Limiting the RAM consumption of MS SQL SERVER

I just rolled a small web application into production on a remote host. After it ran a while, I noticed that MS SQL Server started to consume most of the RAM on the server, starving out IIS and my application.
I have tried changing the "server maximum memory" setting, but eventually the memory usage begins to creep above this setting. Using the activity monitor I have determined that I am not leaving open connections or something obvious so I am guessing its in cache, materialized views and the like.
I am beginning to believe that this setting doesn't mean what I think it means. I do note that if I simply restart the server, the process of memory consumption starts over without any adverse impact on the application - pages load without incident, all retrievals work.
There has got to be a better way to control sql or force it to release some memory back to the system????
From the MS knowledge base:
Note that the max server memory option
only limits the size of the SQL Server
buffer pool.
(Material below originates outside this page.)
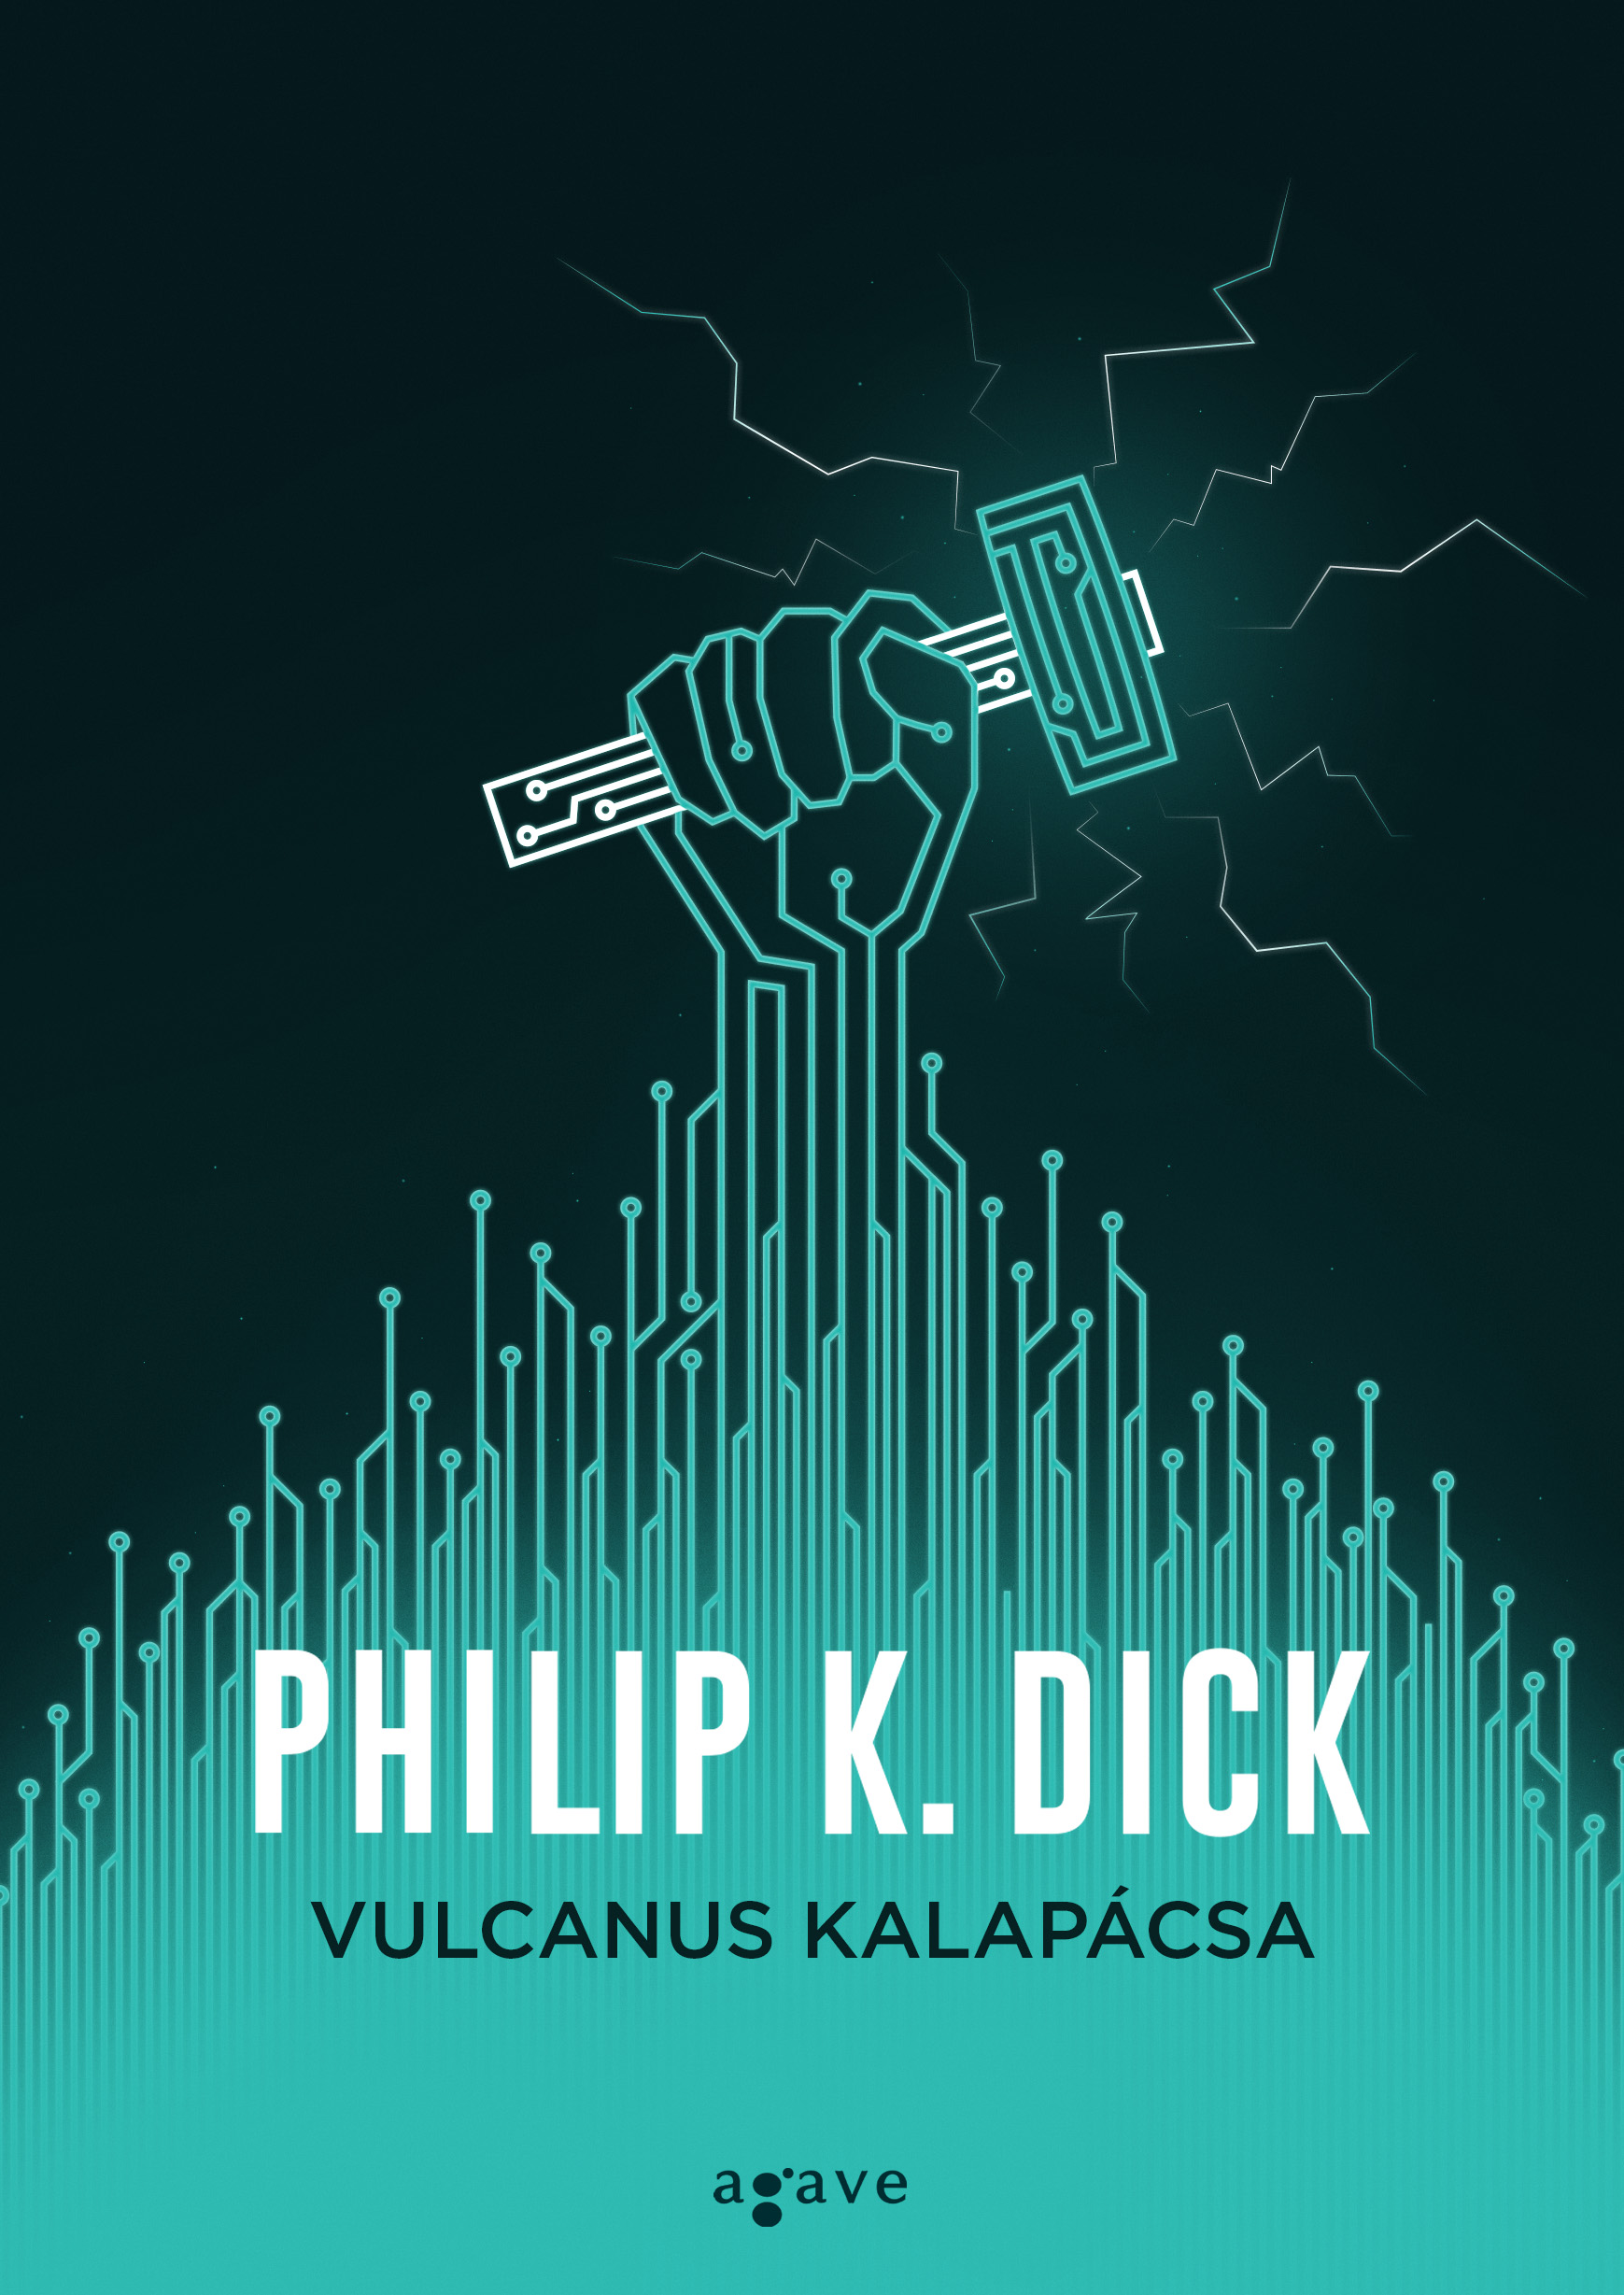 philip_k_dick_vulcanus_kalapacsa_b1.jpeg

The max server memory
option does not limit a remaining
unreserved memory area that SQL Server
leaves for allocations of other
components such as extended stored
procedures, COM objects, non-shared
DLLs, EXEs, and MAPI components.
Because of the preceding allocations,
it is normal for the SQL Server
private bytes to exceed the max server
memory configuration.
Are you using any extended stored procedures, .NET code, etc that could be leaking memory outside of SQL Server's control?
There is some more discussion on memory/address space usage here
Typically I recommend setting the max server memory to a couple of Gigs below the physical memory installed.
If you need to run IIS and an application server installed on the server then you'll want to give SQL Server less memory.